In complexity calculations, we only worry about what happens as the data lengths increase, and take the dominant term—here the $4{N}^{2}$ term—as reflecting how much work is involved in making the computation. As multiplicative constants don't matter since we are making a "proportional to" evaluation, we find the DFT is an $O\left({N}^{2}\right)$ computational procedure. This notation is read "order $N$-squared". Thus, if we double the length of the data, we would expect that the computation time to approximately quadruple.

Exercise 2

In making the complexity evaluation for the DFT, we assumed the data to be real. Three questions emerge. First of all, the spectra of such signals have conjugate symmetry, meaning that negative frequency components ($k=\left[\frac{N}{2}+1,...,N+1\right]$ in the DFT) can be computed from the corresponding positive frequency components. Does this symmetry change the DFT's complexity?

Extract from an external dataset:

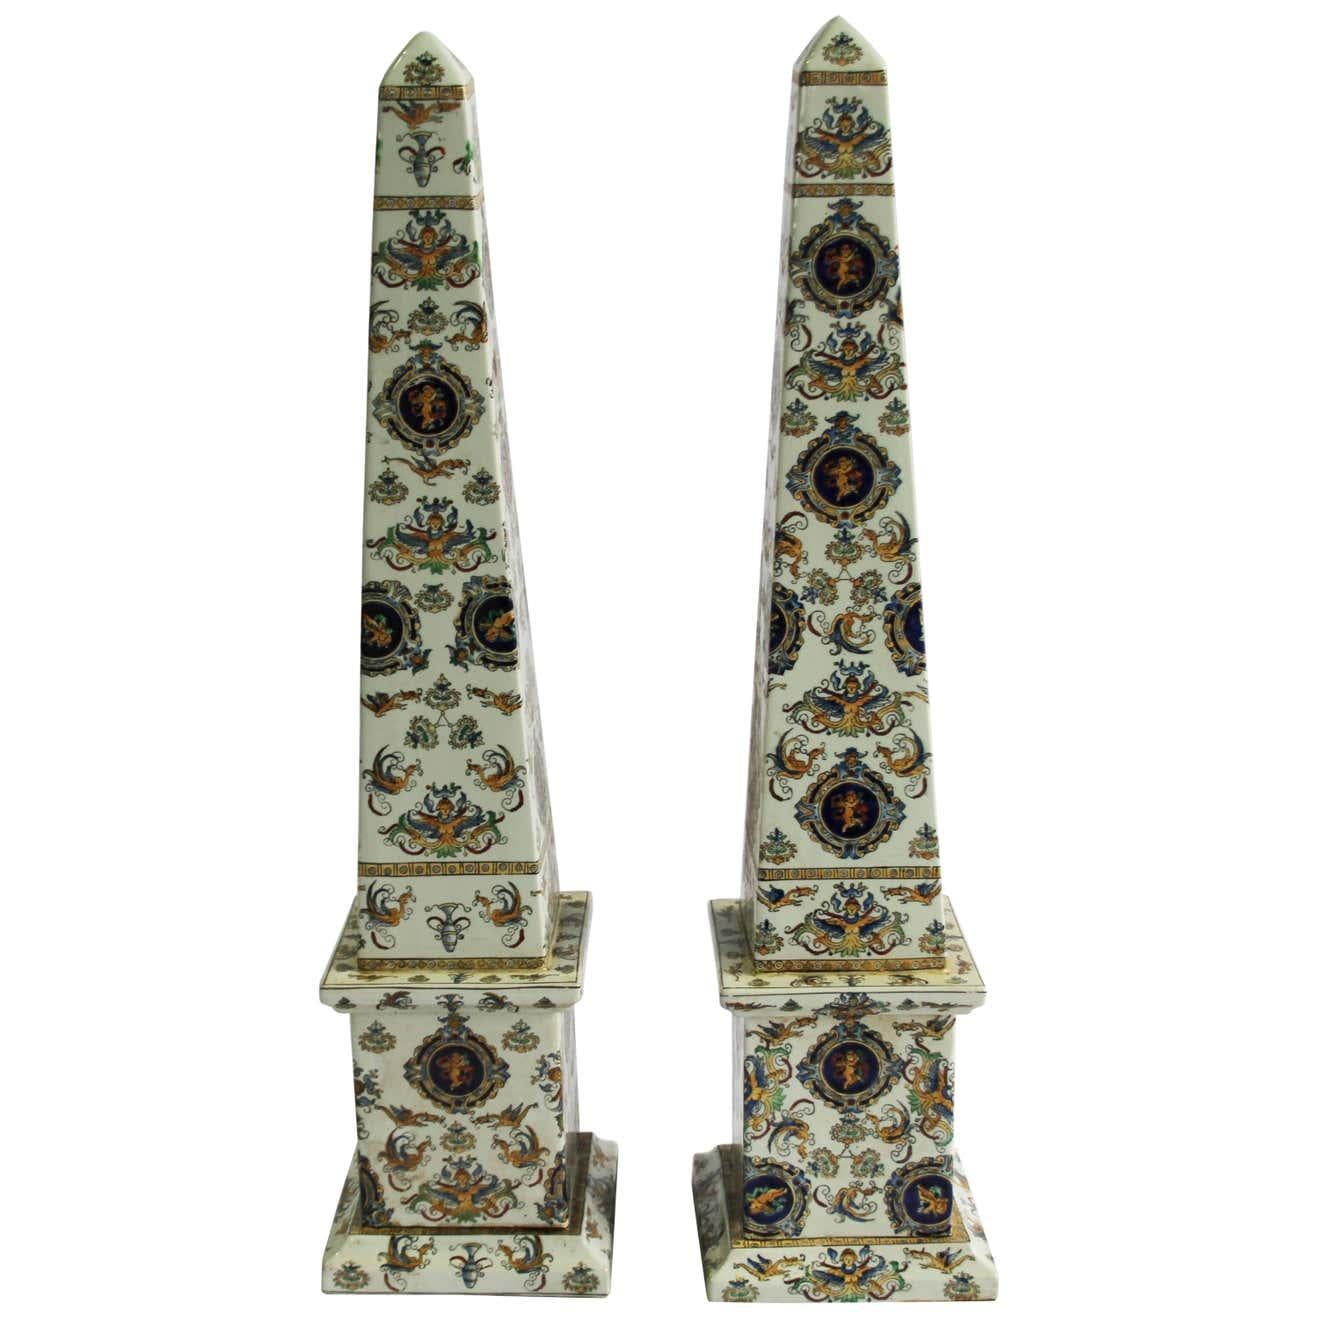 Pair of highly decorative, hand painted porcelain obelisks. Wonderful vibrant colour decoration with cherubs on plaques.

Secondly, suppose the data are complex-valued; what is the DFT's complexity now?

Finally, a less important but interesting question is suppose we want $K$ frequency values instead of $N$; now what is the complexity?

Solution

When the signal is real-valued, we may only need half the spectral values, but the complexity remains unchanged. If the data are complex-valued, which demands retaining all frequency values, the complexity is again the same. When only $K$ frequencies are needed, the complexity is $O\left(\mathrm{KN}\right)$.

How much better is O(NlogN) than O( ${N}^{2}$)?

$N$ | $10$ | $100$ | $1000$ | ${10}^{6}$ | ${10}^{9}$ |
---|---|---|---|---|---|

${N}^{2}$ | 100 | ${10}^{4}$ | ${10}^{6}$ | ${10}^{12}$ | ${10}^{18}$ |

$N\mathrm{log}N$ | $1$ | $200$ | $3000$ | $6\times {10}^{6}$ | $9\times {10}^{9}$ |

Say you have a 1 MFLOP machine (a million "floating point" operations per second). Let $N=1\mathrm{million}={10}^{6}$.

An O( ${N}^{2}$) algorithm takes ${10}^{12}$ flors → ${10}^{6}$ seconds ≃ 11.5 days.

An O( $N\mathrm{log}N$) algorithm takes $6\times {10}^{6}$ Flors → 6 seconds.

Note:

$N=1\mathrm{million}$ is not unreasonable.Example 1

3 megapixel digital camera spits out $3\times {10}^{6}$ numbers for each picture. So for two $N$ point sequences $f\left[n\right]$ and $h\left[n\right]$. If computing $f\left[n\right]\u229bh\left[n\right]$ directly: O( ${N}^{2}$) operations.

taking FFTs -- O(NlogN)

multiplying FFTs -- O(N)

inverse FFTs -- O(NlogN).

the total complexity is O(NlogN).

Other "fast" algorithms have been discovered, most of which make use of how many common factors the transform length N has. In number theory, the number of prime factors a given integer has measures how composite it is. The numbers 16 and 81 are highly composite (equaling ${2}^{4}$ and ${3}^{4}$ respectively), the number 18 is less so ( ${2}^{1}{3}^{2}$ ), and 17 not at all (it's prime). In over thirty years of Fourier transform algorithm development, the original Cooley-Tukey algorithm is far and away the most frequently used. It is so computationally efficient that power-of-two transform lengths are frequently used regardless of what the actual length of the data. It is even well established that the FFT, alongside the digital computer, were almost completely responsible for the "explosion" of DSP in the 60's.